* How to complete this task:
Output every line below exactly, please, omitting pictures.

Data section Start Marker

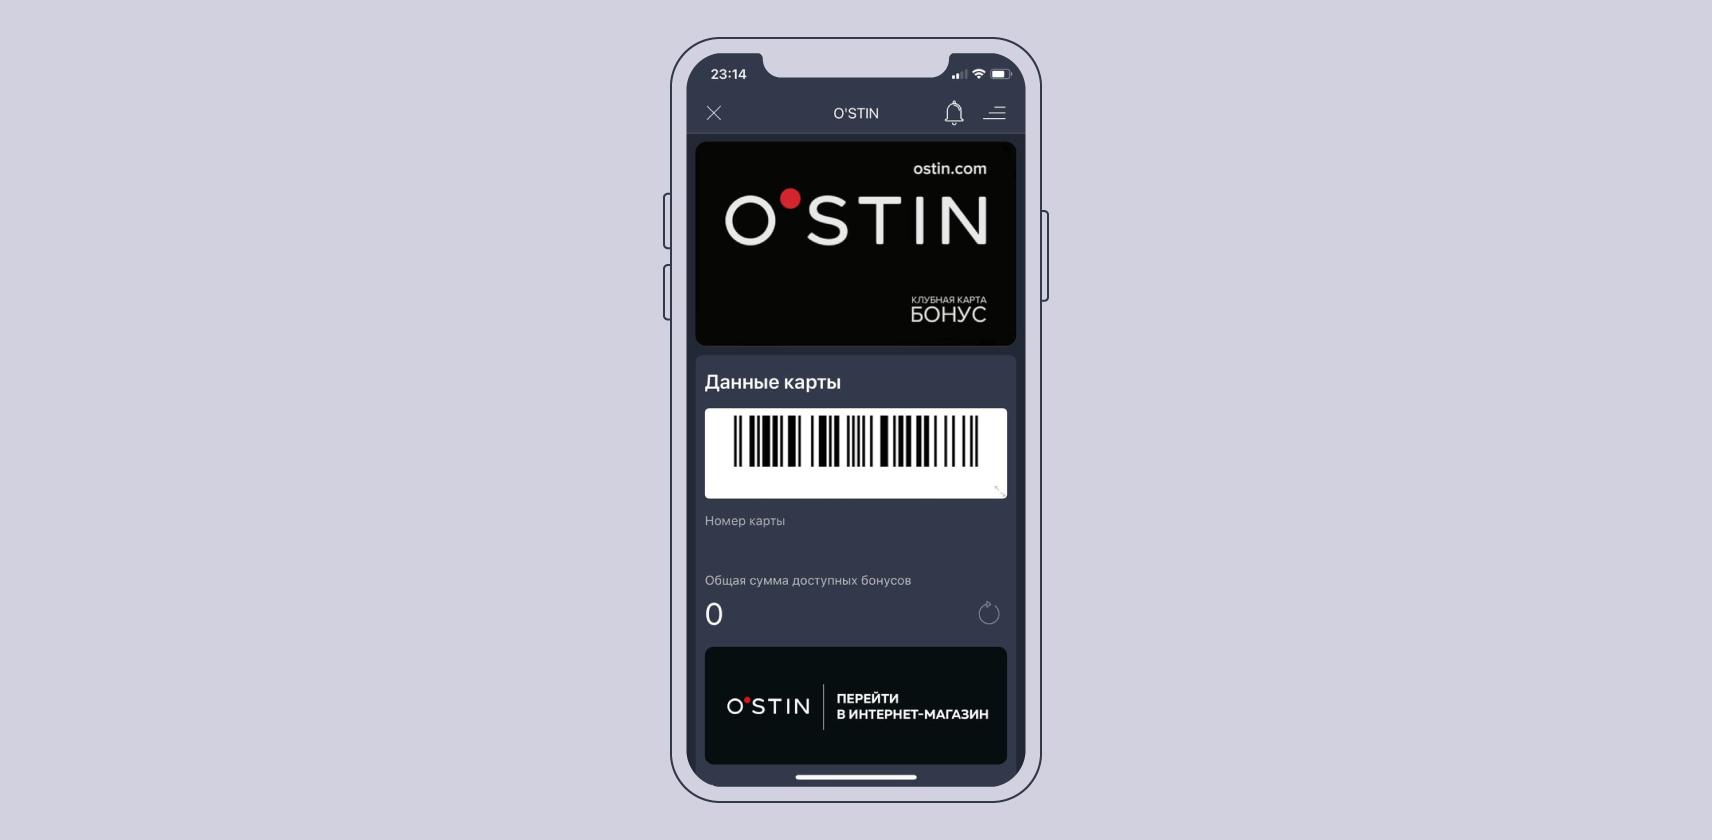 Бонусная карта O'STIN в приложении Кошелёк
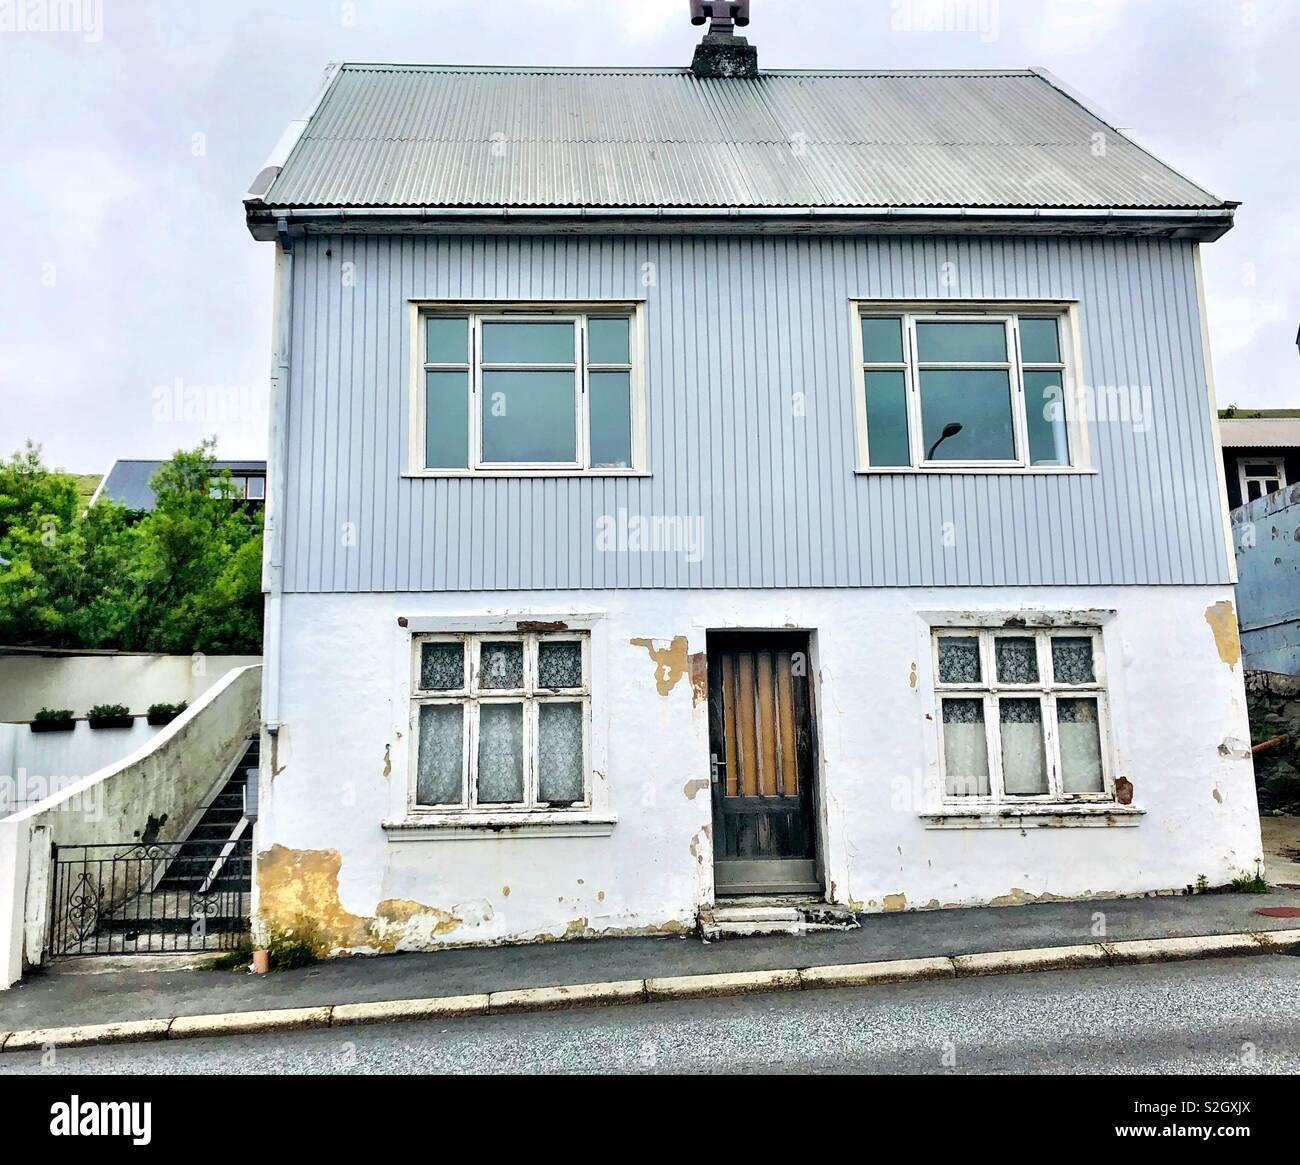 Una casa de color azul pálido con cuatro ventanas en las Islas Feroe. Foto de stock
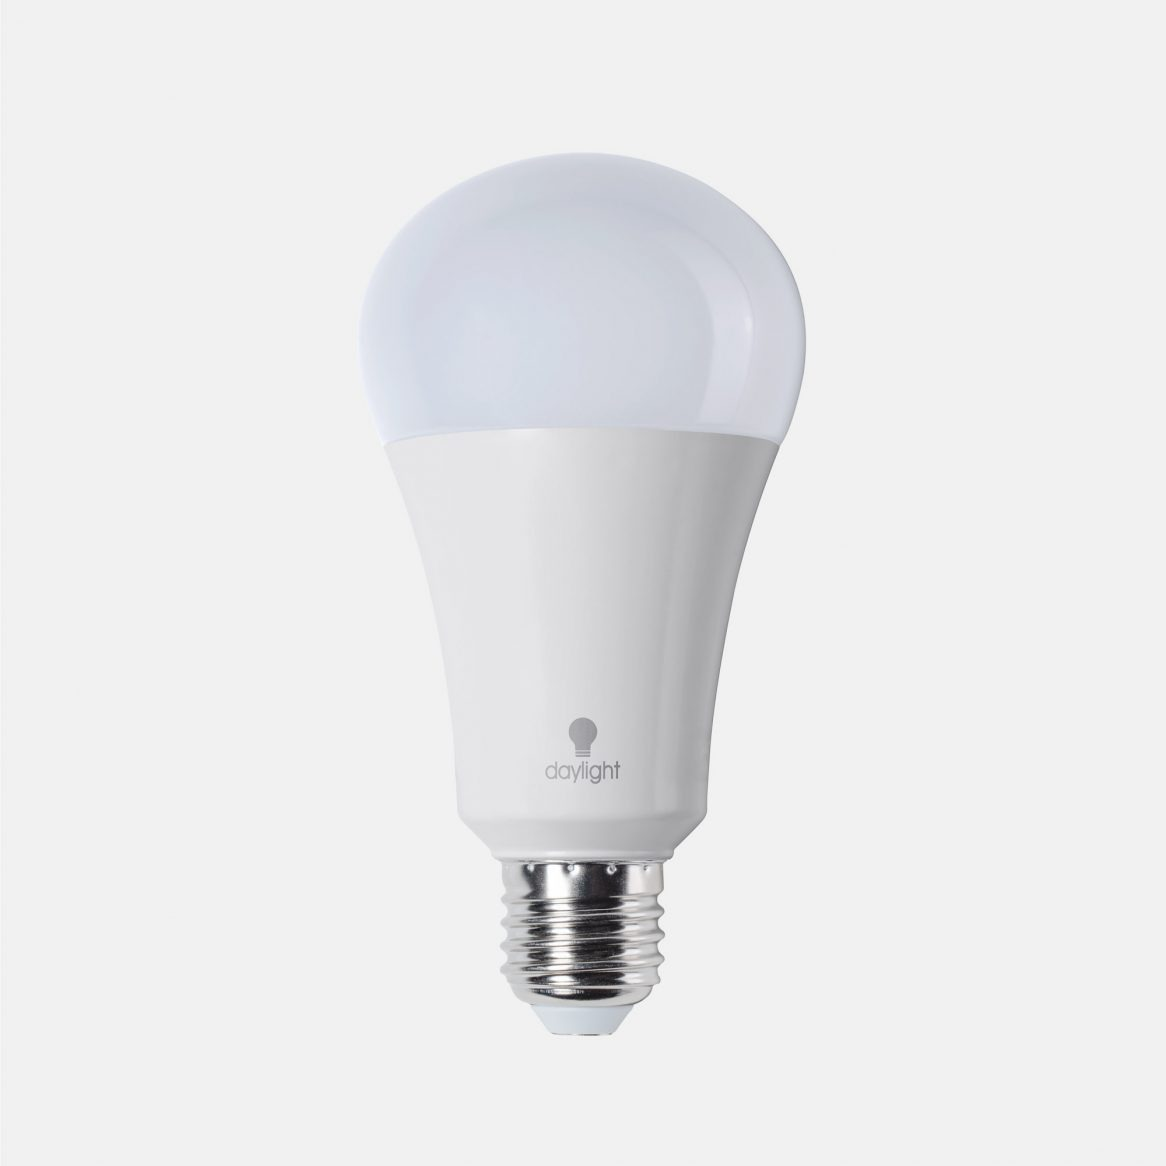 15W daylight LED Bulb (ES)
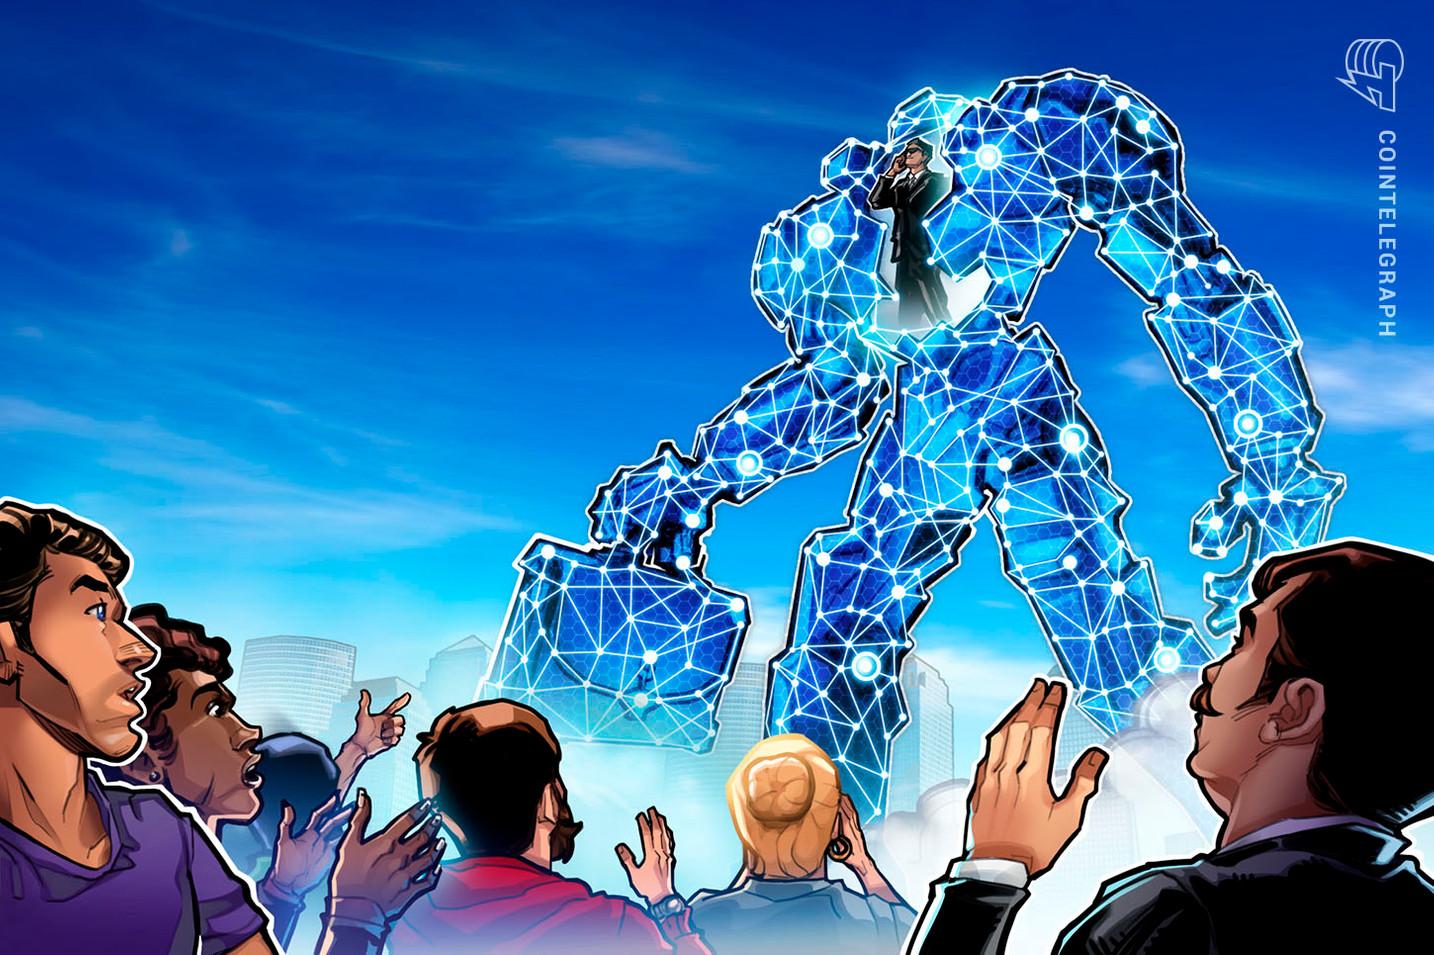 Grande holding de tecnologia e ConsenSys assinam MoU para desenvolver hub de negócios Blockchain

Data section End Marker

* Reply to the task:
 Бонусная карта O'STIN в приложении Кошелёк
 Una casa de color azul pálido con cuatro ventanas en las Islas Feroe. Foto de stock
 15W daylight LED Bulb (ES)
 Grande holding de tecnologia e ConsenSys assinam MoU para desenvolver hub de negócios Blockchain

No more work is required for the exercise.